Она посмотрела, как я пью чай и ем овсянку, и вышла.
Я быстро поела и решила встать и одеться. Я была уверена, что папа, как только вернется, позволит мне сегодня выйти из комнаты. Мое наказание окончится, и я хочу придумать чем нам с Нильсом заняться. Если папа разрешит погулять, я непременно навещу Томпсонов. Я хотела посмотреть на все эти замечательные подарки, которые получили близнецы. И, конечно, я увижу там Нильса и, возможно, он проводит меня домой. И мы совершим еще одно путешествие к волшебному пруду.
Я подошла к туалетному столику, расчесала волосы и вплела в них розовую ленту. Я одела светло-голубое платье и села у окна, глядя на небо, представляя на что похожи плывущие по небу пухлые облака. Одно из них походило на верблюда, а другое – на черепаху. В эту игру мы с Нильсом играли на пруду. Он обычно говорил: «Я вижу лодку», а я должна была найти и показать это облако. Я уверена, что он сидит у своего окна и занимается тем же, что и я, думала я. Я была готова поклясться, что это так. Так было всегда: мы всегда думали и чувствовали одно и тоже в одно и то же время. Нас считали любовниками.
Когда папа вернулся домой, его шаги по лестнице были такими тяжелыми, что весь коридор дрожал. Казалось, они сотрясают фундамент дома и эхом проникают сквозь стены. Как будто великан возвратился домой, великан из сказки про Джека и бобовый стебель. Заняв весь дверной проем своими широкими плечами, он стоял, молча разглядывая меня. Его глаза были огромными, а лицо покраснело.
– Здравствуй, папа, – сказала я и улыбнулась. – Сегодня такой хороший день, правда? Твоя деловая поездка прошла успешно?
– Что ты наделала? – хрипло спросил он. – Что за очередной жуткий позор и унижение ты навлекла на дом Буфов?

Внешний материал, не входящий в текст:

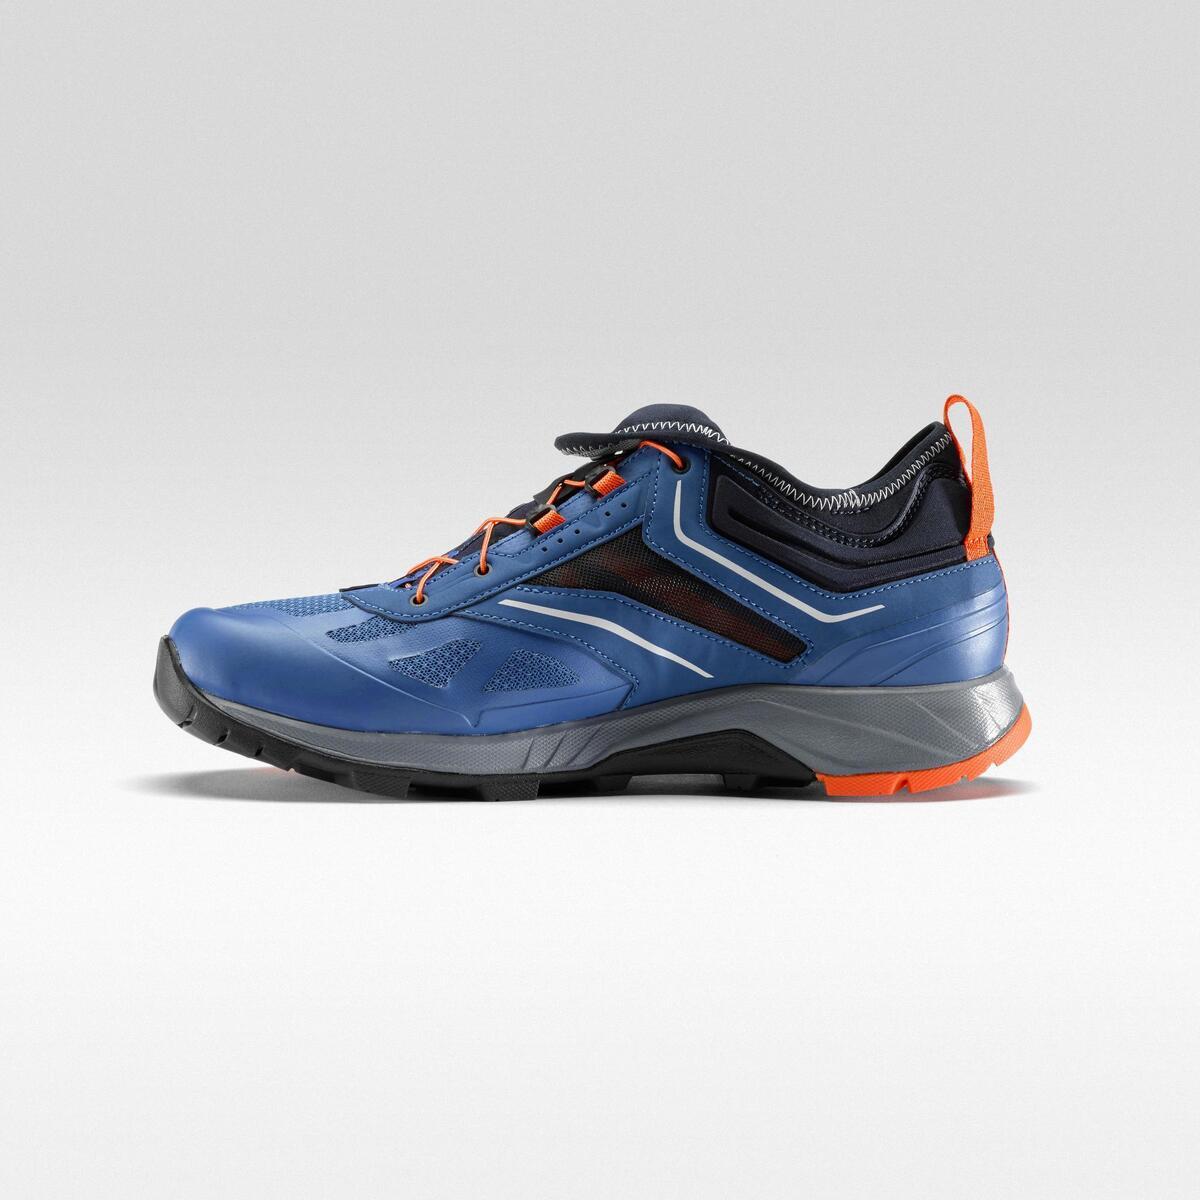 Bild 2 von Wanderschuhe Speed Hiking FH500 Helium Herren blau/orange

– Я не перечила тебе, папа. Я весь вечер оставалась в своей комнате, как ты и приказал, и я раскаиваюсь, что так вела себя с тобой. Ты меня простишь? Пожалуйста?
Он скривился так, как будто проглотил тухлый орех.
– Простить тебя? Я не обладаю той властью, чтобы простить тебя. Даже у священника ее нет. Только Бог может простить тебя, и я уверен у Него есть все основания сомневаться. Мне жаль твою душу. Она наверняка движется в ад, – сказал он и покачал головой.
– О, нет, папа. Я прочитала молитвы, которые дала мне Эмили. Смотри, папа, – сказала я и поднялась, чтобы достать листок бумаги, на котором был написан псалом. Я протянула его папе, но он даже не взглянул на него. Вместо этого он продолжал свирепо смотреть на меня и многозначительно качал головой.
– Ты не совершишь больше ничего, чтобы опозорить нашу семью. Ты была для меня тяжким бременем с самого начала, но я принял тебя в семью, потому что ты была сиротой. И вот твоя благодарность мне. Вместо того, чтобы превозносить нас и благодарить судьбу, на нас сыплются проклятья за проклятьями. Эмили права. Ты – Енох, и Иезавель.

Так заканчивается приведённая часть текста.